Almost a third of new therapeutic drugs released onto the US market with Food and Drug Administration (FDA) approval subsequently have what are called “safety events”. Most often, these lead to warnings on packets or to doctors indicating the drug should not be taken by people with certain rare conditions or under particular circumstances. In only a tiny minority are the events serious enough to require withdrawal of the product.
Drug approval is a never-ending balancing act. Make trials too comprehensive and people are left waiting for a product that might save, or at least greatly improve, lives. Yet if you don't test widely enough, you risk another thalidomide – a drug with great benefits for many people, but devastating during pregnancy.
Dr Joseph Ross of Yale University explored one aspect of how our current efforts are working by looking at what happened after the release of 222 products granted approval by the FDA between 2001 and 2010. The findings have been published in the Journal of the American Medical Association.
How you view Ross's findings depends on whether you are a glass half-empty or glass half-full type of person. For those inclined to negativity, problems emerged with 32 percent of the therapeutics, leading to changes in the terms of their approval. Since some of these had more than one issue arise, there were a total of 123 safety events recorded. The number is likely to grow for the pharmaceuticals and biologics (approved therapeutics that are biologically derived rather than synthesized) released towards the end of the period.
More positively, in only three cases (1.4 percent) was the issue so serious or widespread that the product had to be withdrawn. Another 61 warnings were added to the products' boxes, while 59 involved safety communications to prescribers. The average gap between approval and the first post-market safety event was 4.2 years.

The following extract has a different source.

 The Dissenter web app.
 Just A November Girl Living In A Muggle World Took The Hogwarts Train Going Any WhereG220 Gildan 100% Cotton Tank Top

Drug trials can only involve so many people without becoming prohibitively expensive. Most involve fewer than 1,000 participants. Unless there are grounds to suspect the drug will be a problem for people with a rare condition, it's unlikely many people with that condition will participate in the trial. So if the drug has negative side effects for just that group, this probably won't be detected during clinical trials. Once a product is on the market however, and given to hundreds of thousands or millions of people, patterns can start to emerge in which groups experience side effects.
Consequently, it is unsurprising many boxes will need warnings added to them, or doctors instructed that the drug is contra-indicated for certain people. Ross's findings can help feed a debate on whether the current rate is acceptable or if we should be spending more to make trials larger.